COLLECTED MATERIAL Block Start

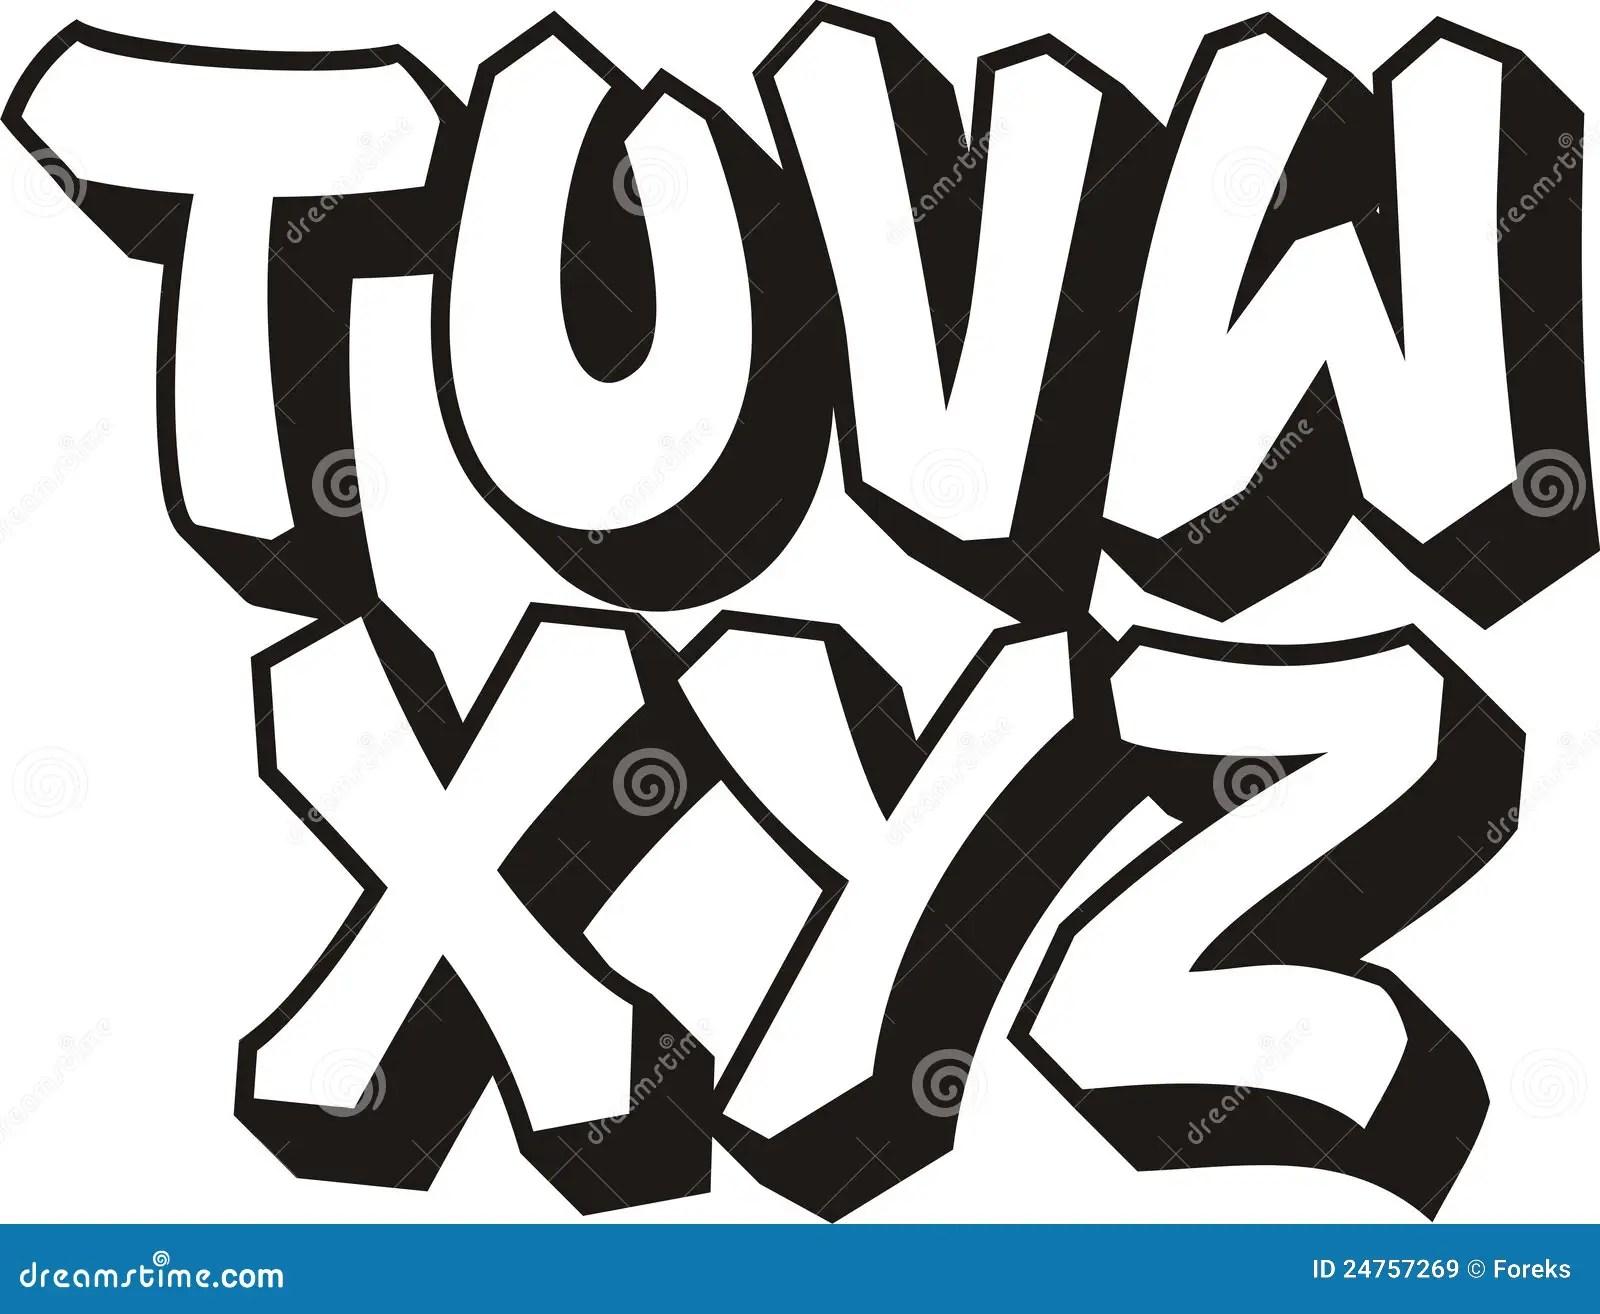 Graffiti Font Part 3 Stock Vector Illustration Of
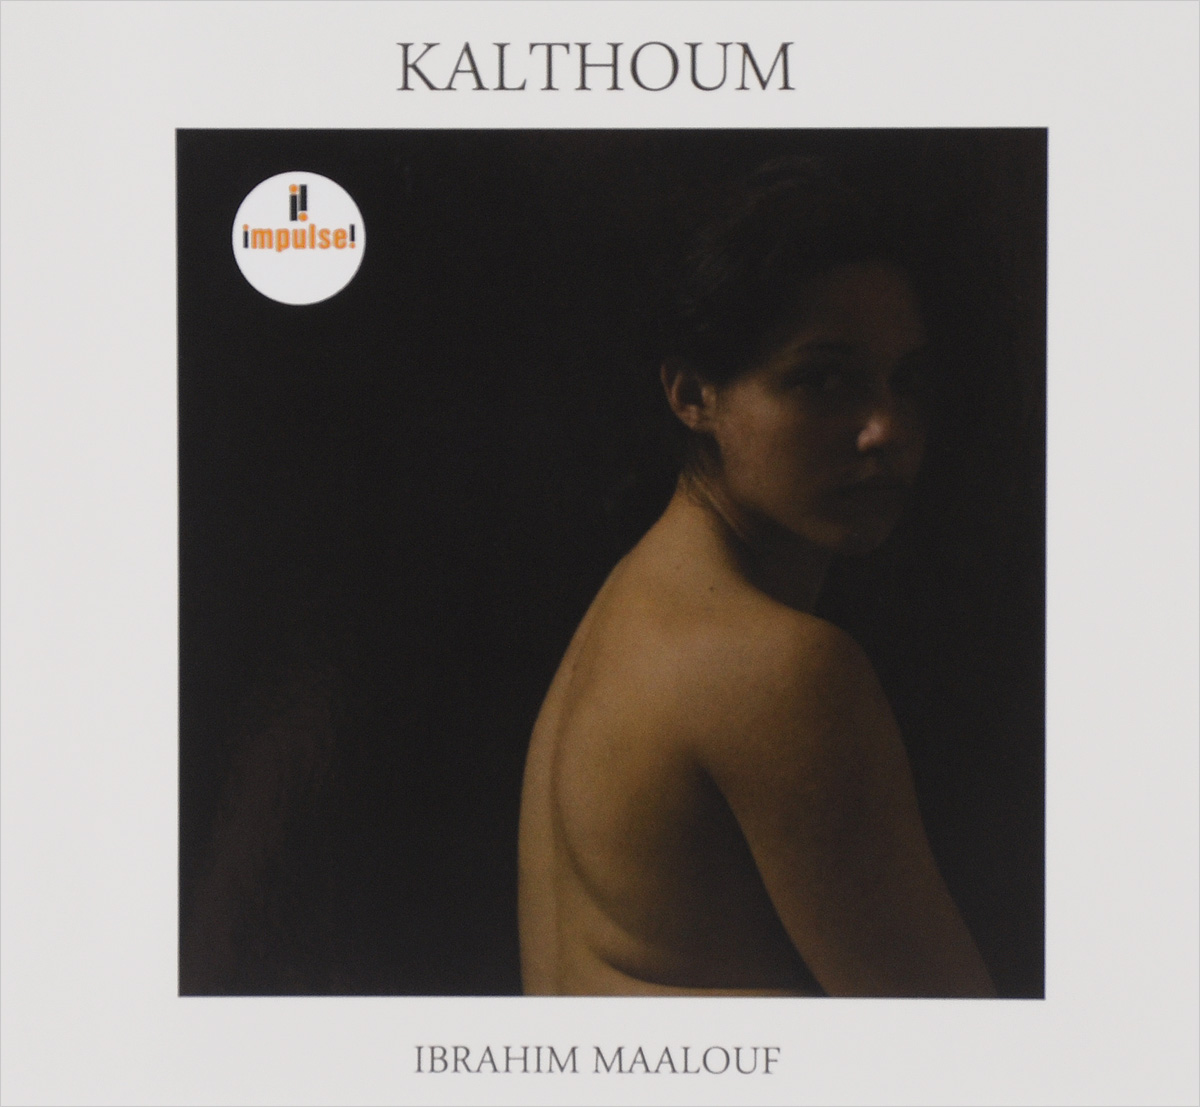 Ibrahim Maalouf. Kalthoum
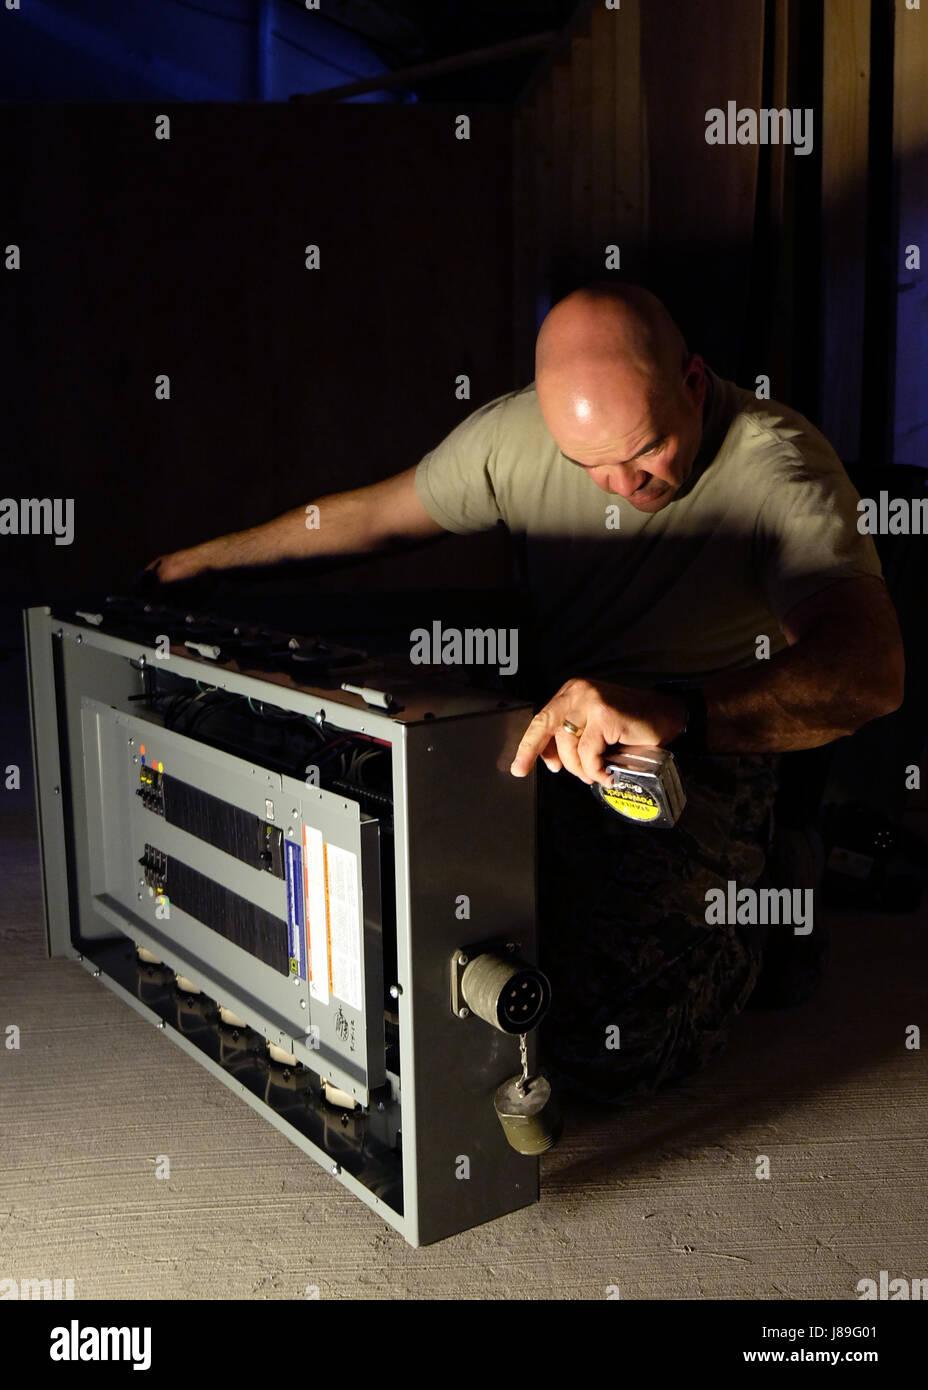 Circuit Breaker Box Stockfotos & Circuit Breaker Box Bilder - Alamy
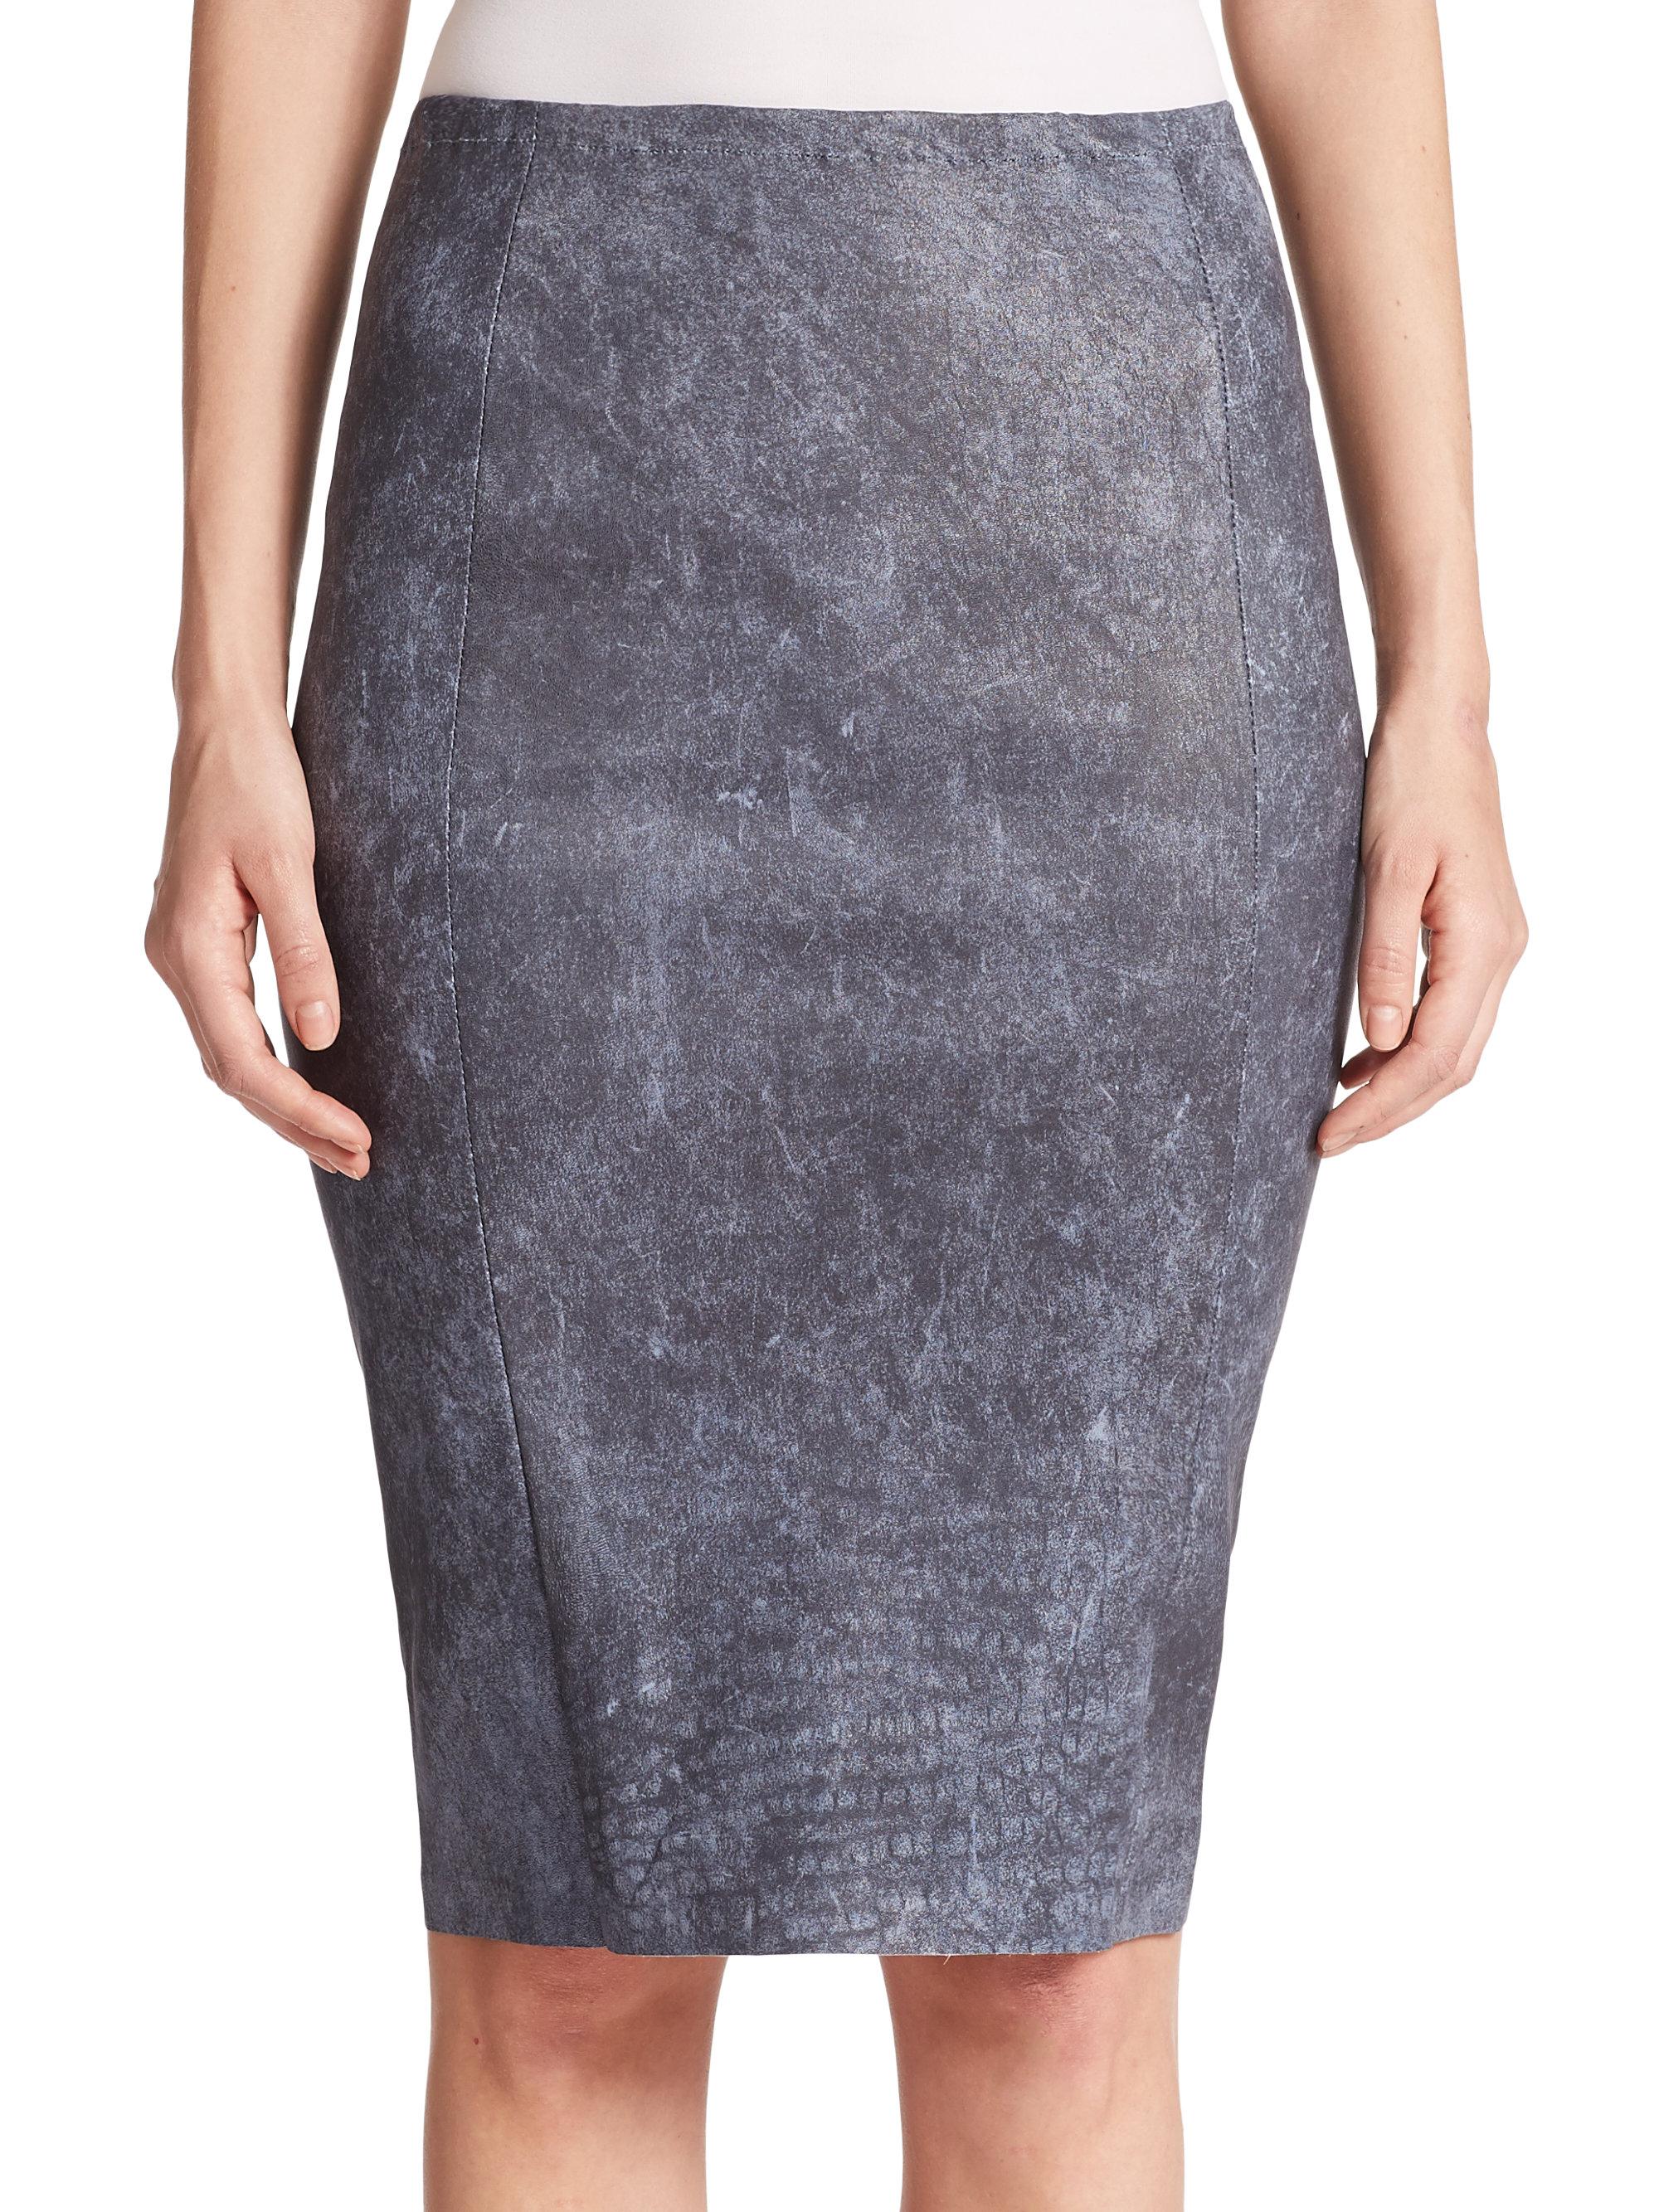 Elie tahari Pamela Leather Pencil Skirt in Blue | Lyst

COLLECTED MATERIAL Block End

• INSTRUCTIONS TO FOLLOW
Output the span from the line with "Ibrahim Maalouf. Kalthoum" through the last line of the data, inclusive and exact, and omit every picture.

• ANSWER FOR THE TASK
 Ibrahim Maalouf. Kalthoum
 Circuit Breaker Box Stockfotos & Circuit Breaker Box Bilder - Alamy
 Elie tahari Pamela Leather Pencil Skirt in Blue | Lyst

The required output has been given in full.